WORK ORDER
Below is a listing; print exactly its lines from the one containing "LVBet Review - 5€" down to the one containing "Petite black textured jersey duster jacket", both inclusive, with every picture left out.

ENTRIES SUPPLIED
####################
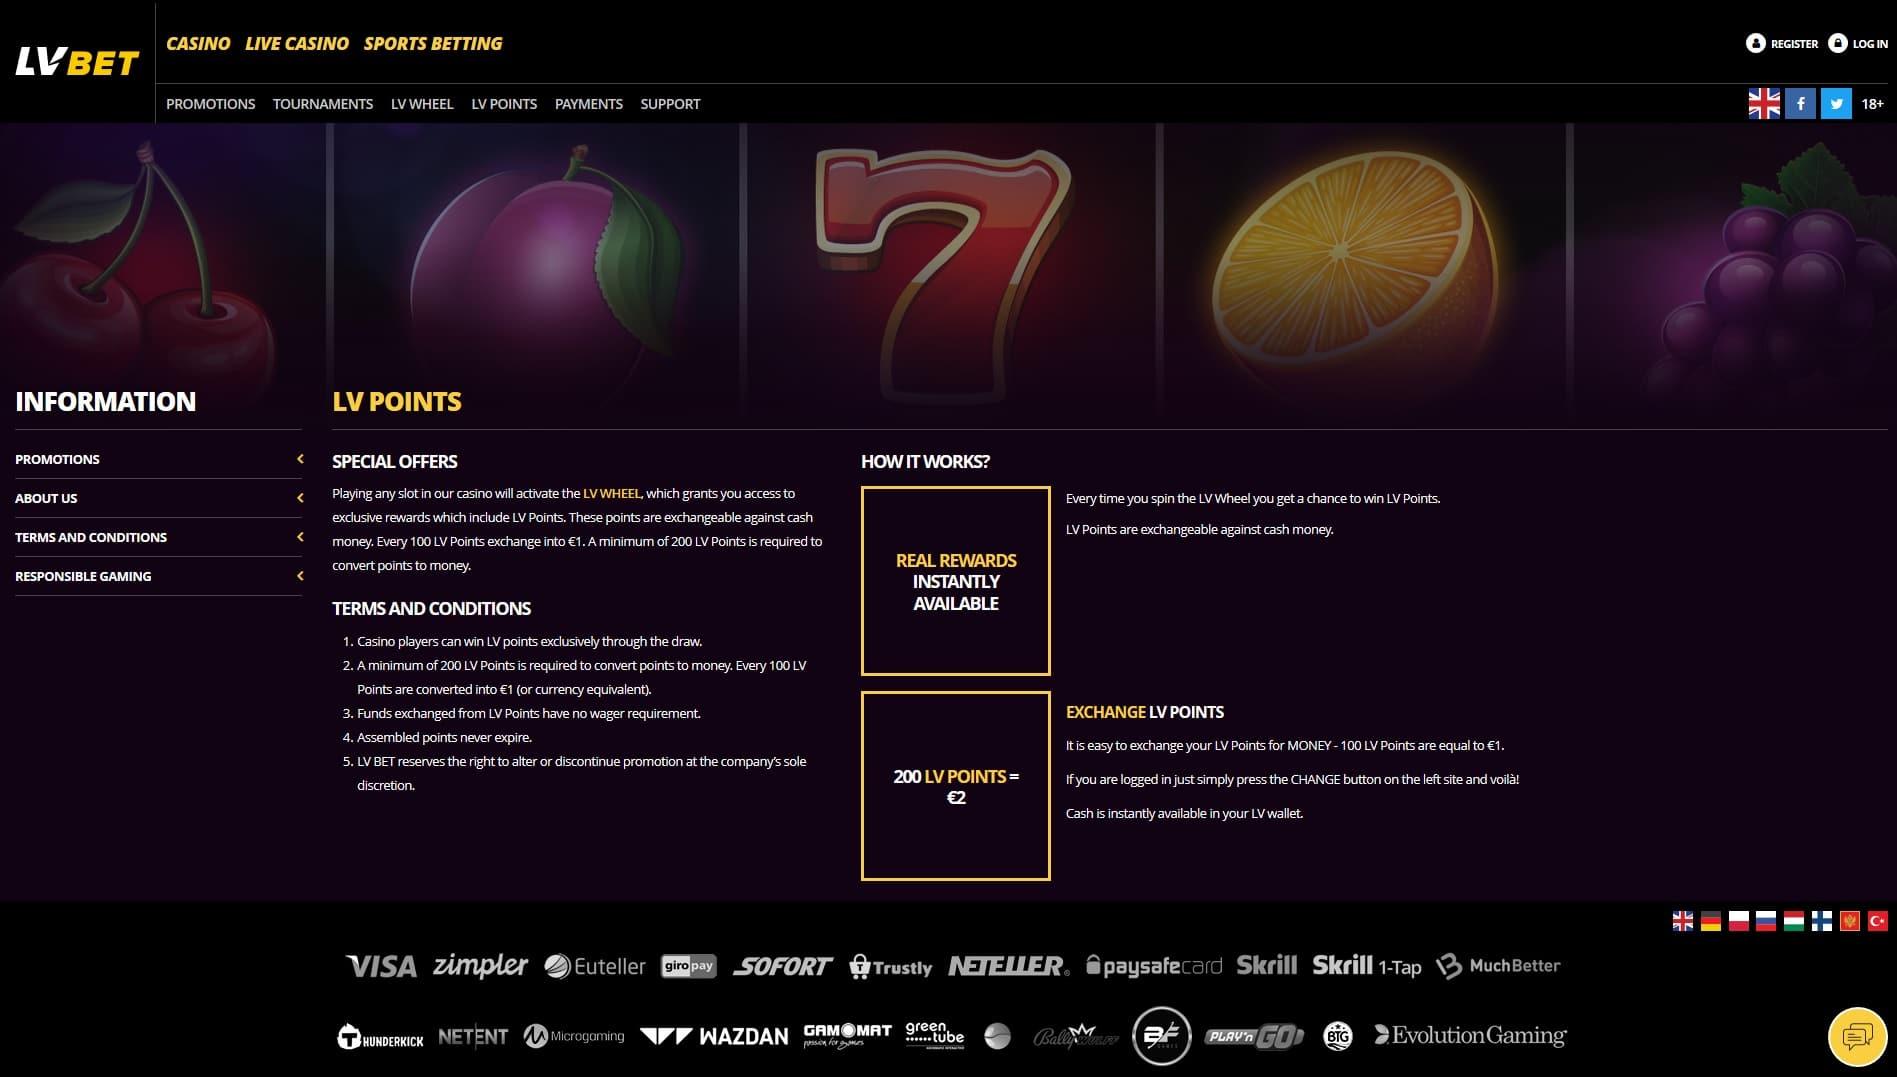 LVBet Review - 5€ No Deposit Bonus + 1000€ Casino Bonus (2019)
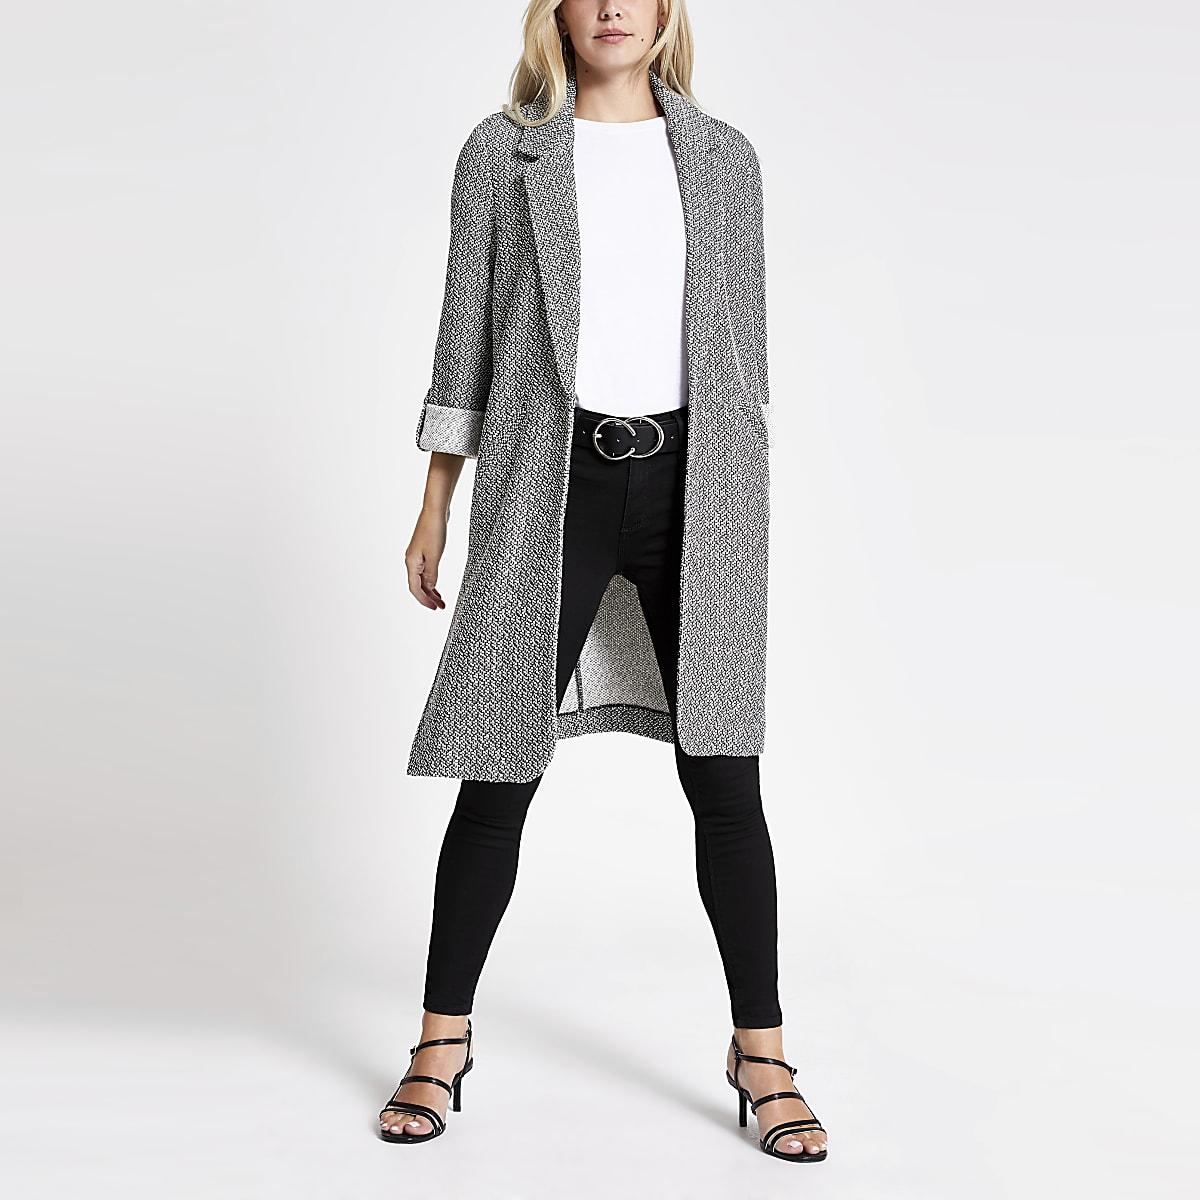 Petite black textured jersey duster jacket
####################
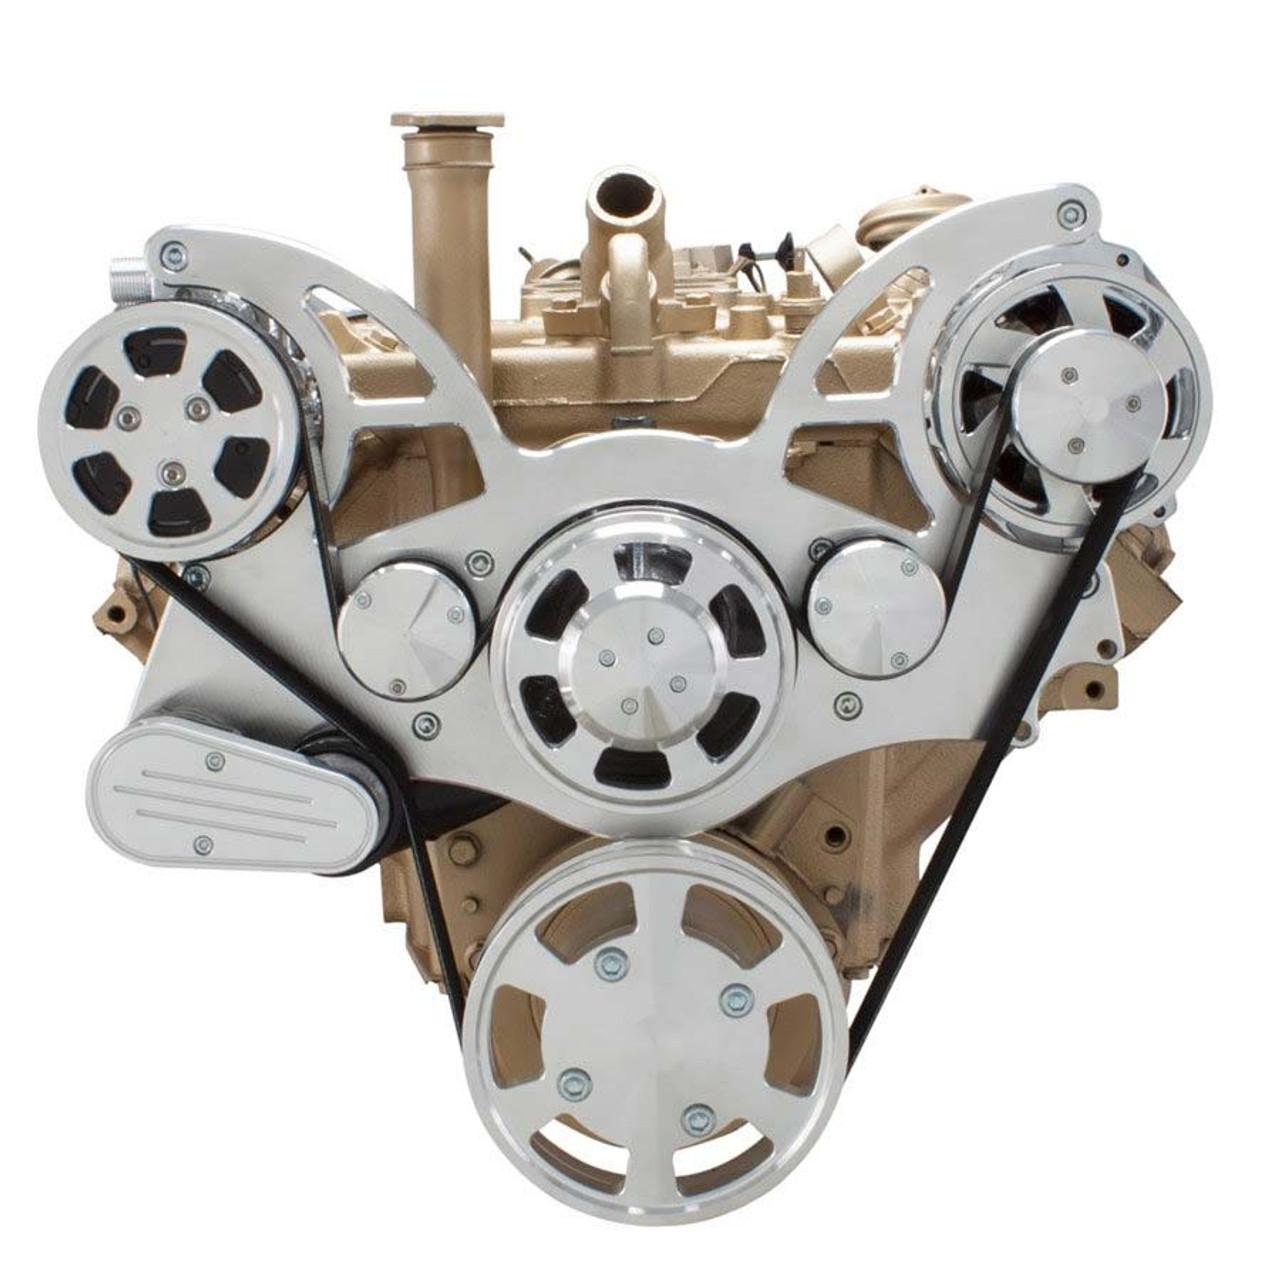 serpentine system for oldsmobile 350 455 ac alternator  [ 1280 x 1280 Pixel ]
####################
TASK RESULT
 LVBet Review - 5€ No Deposit Bonus + 1000€ Casino Bonus (2019)
 Petite black textured jersey duster jacket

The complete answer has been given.